Police partout… justice nulle part ?
S’il y a des sujets rarement traités au cinéma, l’IGPN, la « police des polices », en est assurément un. Avec ce Dossier 137, le réalisateur Dominik Moll (La nuit du 12, Harry, un ami qui vous veut du bien) essaie tant bien que mal de remédier à cet écueil.
S’il y arrive assez bien, c’est sans doute grâce à un scénario tout de même assez rigide et une Léa Drucker incroyable de justesse, tiraillée entre la justice et l’institution policière dont elle fait partie. Ce Dossier 137, c’est avant tout une autopsie au millimètre, froide et sans affect d’un cas d’école ô combien banal : savoir s’il y a bavure policière ou maintien de l’ordre ?
Quelques moments anecdotiques et artificiels aèrent cependant le propos, comme cette histoire de chat errant. Mignonne mais bien inutile. Ils proposent des respirations mais alourdissent aussi parfois l'ensemble. Car avec Dossier 137, Dominik Moll autopsie minutieusement un fait divers. Il mène une enquête sans effet de scénario ou de rebondissements spectaculaires, cherchant la démonstration implacable. Véritable leçon de ténacité, son film en est presque clinique et c'est ce qu'il le rend fort.
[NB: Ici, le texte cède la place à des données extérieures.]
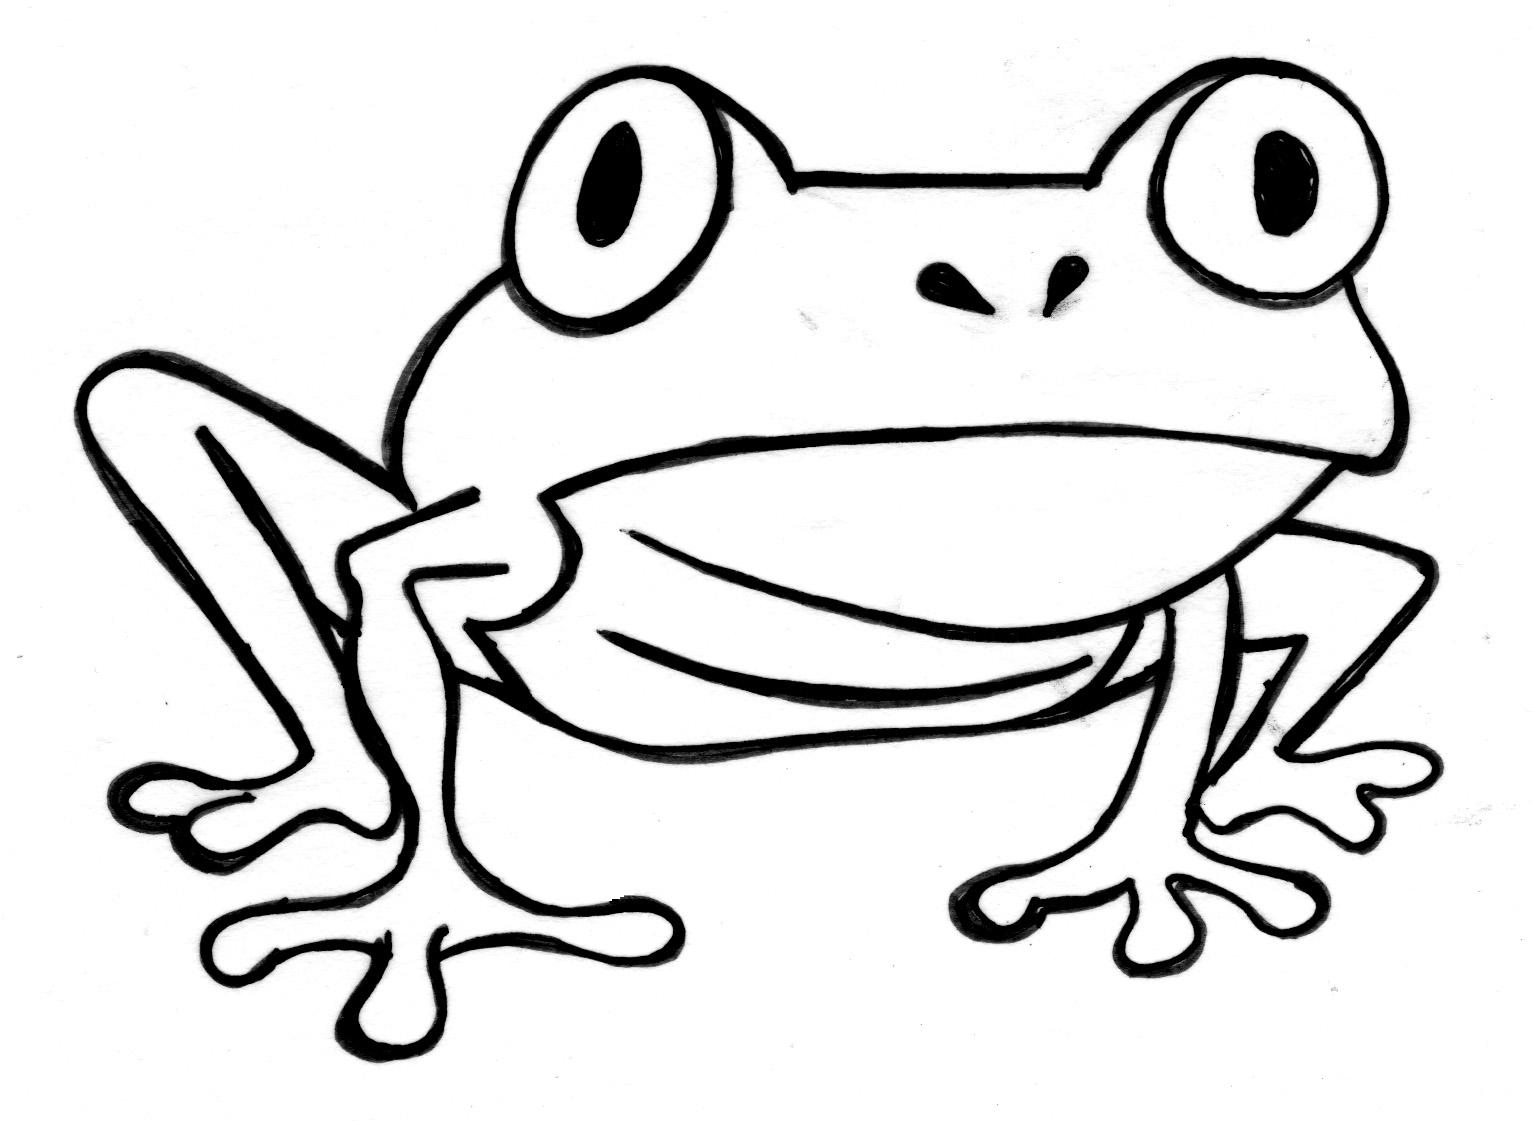 Cute Tree Frog Drawings

On pense aux pamphlets politiques d’Yves Boisset des années 70 ou au Polisse de Maïwenn, et on est rapidement aspiré par le travail de fourmi effectué par l’héroïne et son équipe pour aboutir, coûte que coûte, à la vérité.
Le droit de savoir
Sans cesse tiraillés entre leur fonction et leur corps de métier, les agents de l’IGPN sont les véritables héros du film. Des héros de l’ombre, honnis par leurs pairs, qui les considèrent comme traîtres, et par la population pour qui tous les flics se valent, dans une logique ACAB (« All Cops Are Bastards ») très à la mode depuis la crise des Gilets jaunes. En filigrane, le film interroge notre société. Sommes‑nous capables de juger la police ? Qui surveille ceux qui sont censés nous surveiller ? Surtout quand cette police des polices fait partie justement de la même institution : la police. Vertigineux…
Certainement bien moins fort que son sujet, le film de Dominik Moll en rebutera sans doute certains par sa froideur et son manque d’amplitude. Un parti pris qui, pour d’autres, est assurément sa principale qualité.